= Burt Lancaster: An American Life =

Burt Lancaster: An American Life is a 2000 non-fiction book by Kate Buford, published by Alfred A. Knopf, about Burt Lancaster.

Molly Haskell of The New York Times wrote that the book shows that, in regards to Lancaster, there was "more to him than met the eye."

According to Publishers Weekly, a "central theme" involved Lancaster's advocacy for leftist politics, which involved him with the House Un-American Activities Committee.

==Background==
Kate Buford worked as a commentator for National Public Radio.

Buford saw films starring Lancaster in her childhood and re-centered focus on him after seeing Atlantic City in 1981. Her interest was piqued by how, despite being a senior citizen, he had kept himself in relatively good shape. She learned that there had been no in-depth critical study books about Lancaster and decided to write one.

She did research for five years, consulting 200 works, including books and individual articles. The back cover has an image of Lancaster without clothing that she saw at the Museum of Modern Art; she received permission to use the photograph from the family of Lancaster, and she selected it a she felt it was thematically relevant to her book. Citing a need for privacy, the children of Lancaster did not collaborate in making the book. Therefore, they did not provide any interviews. The author did not interview Lancaster, who died in 1994.

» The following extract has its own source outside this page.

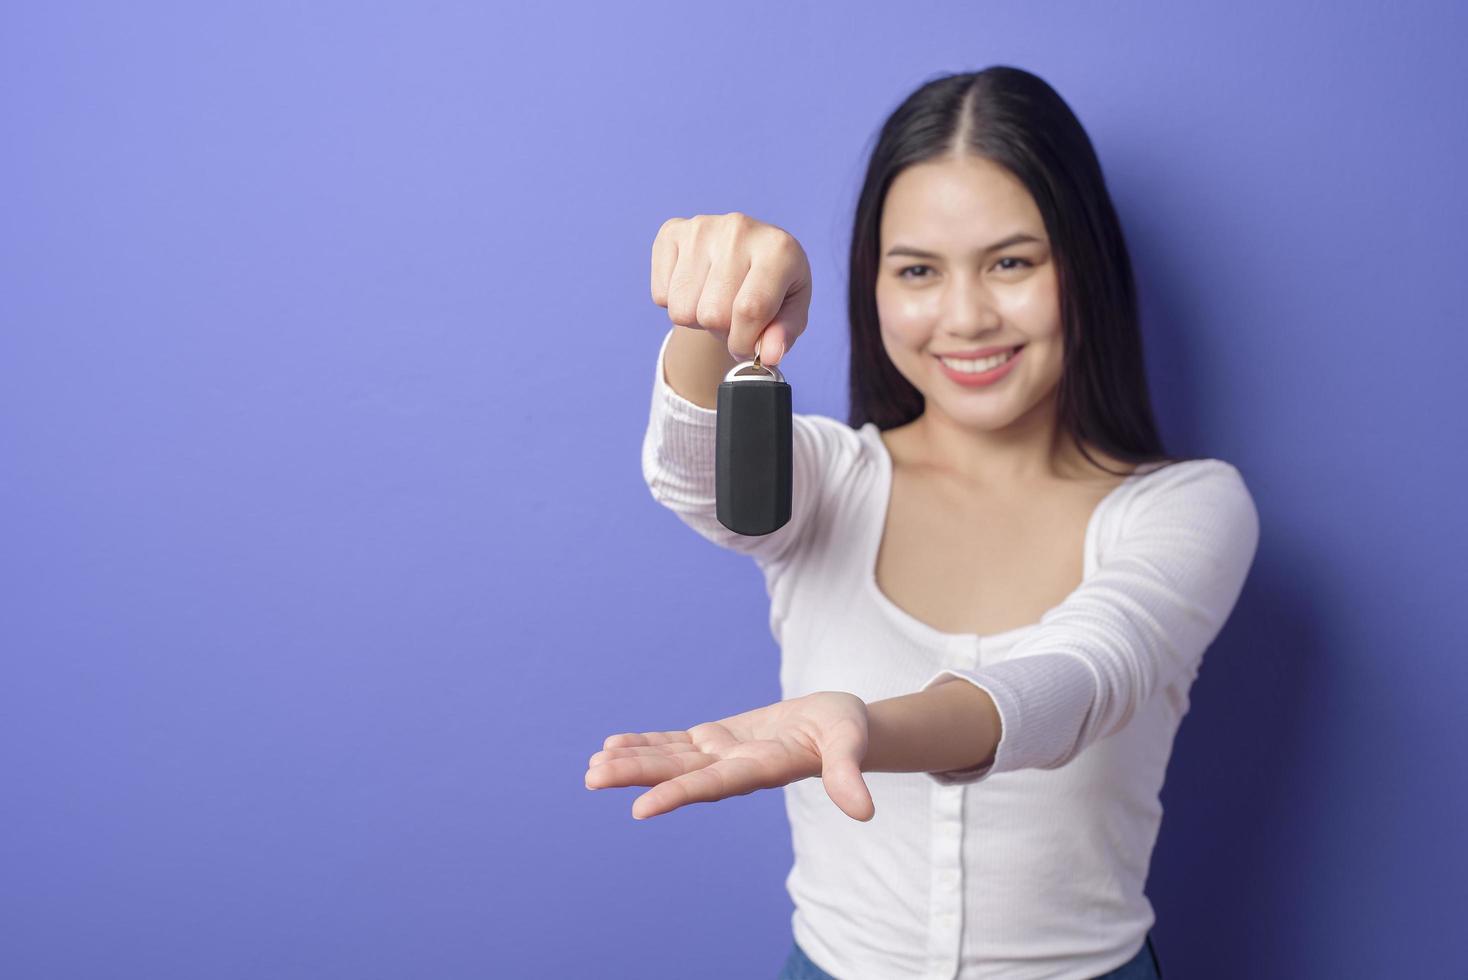 Junge schöne lächelnde Frau hält Autoschlüssel über isoliertem lila Hintergrundstudio foto

In regards to the author's view of the actor, she stated "I couldn't decide from one moment to the next whether I liked him or not and, in the end, I think that's a pretty realistic way of looking at him."

==Content==

Beitiks stated that the way the author wrote about Lancaster showed him as having, in Beitiks' words, "a mean streak, ill-tempered tirades on the set and a Sinatralike demand for loyalty."

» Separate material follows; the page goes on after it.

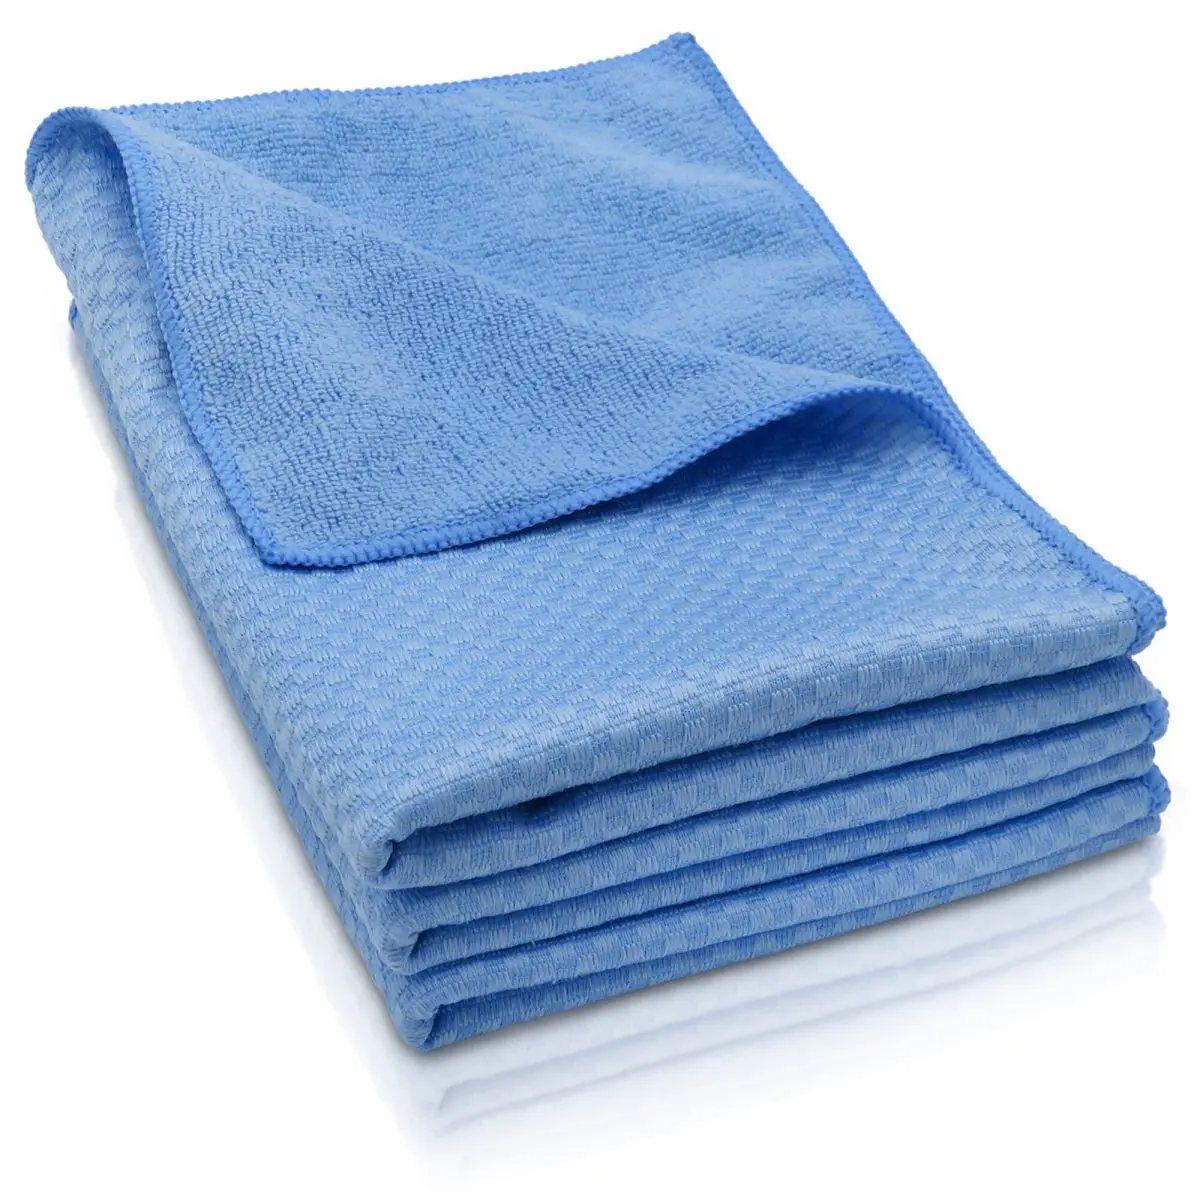 Súprava uterákov - 3 uteráky z mikrovlákna

One review states that Buford's book revealed "the private Lancaster."

==Reception==
Mick LaSalle of the San Francisco Chronicle stated that the book sold very well and that the book reviews were "glowing". Jay Jennings, in The New York Times, described the book as "highly praised".

Publishers Weekly gave the book a starred review and that it is "well-researched and engaging".

Edvins Beitiks of the San Francisco Chronicle stated that the book is "engaging" and "a fascinating, no-nonsense read" despite the lack of primary source interviewing. Beitiks acknowledged that the author could not fully decide her view of the actor, though Beitiks felt that "it leaves too many questions behind."

Todd McCarthy of Variety described the book as "superb".

Sienna Powers of January Magazine described the book as "well-rendered ".

Bob Reising of the University of Central Arkansas stated that the book showed that the author became "one of the nation's premier biographers." He concluded the book "is an enlightening biography."

Robert Bell of the Austin Chronicle ultimately did not recommend the book because he felt the book does not make a conclusion on what Lancaster's personality was like, though he stated some portions of the book were "potentially fascinating", and he stated that the contents discussing Lancaster's acting were the "keenest insights".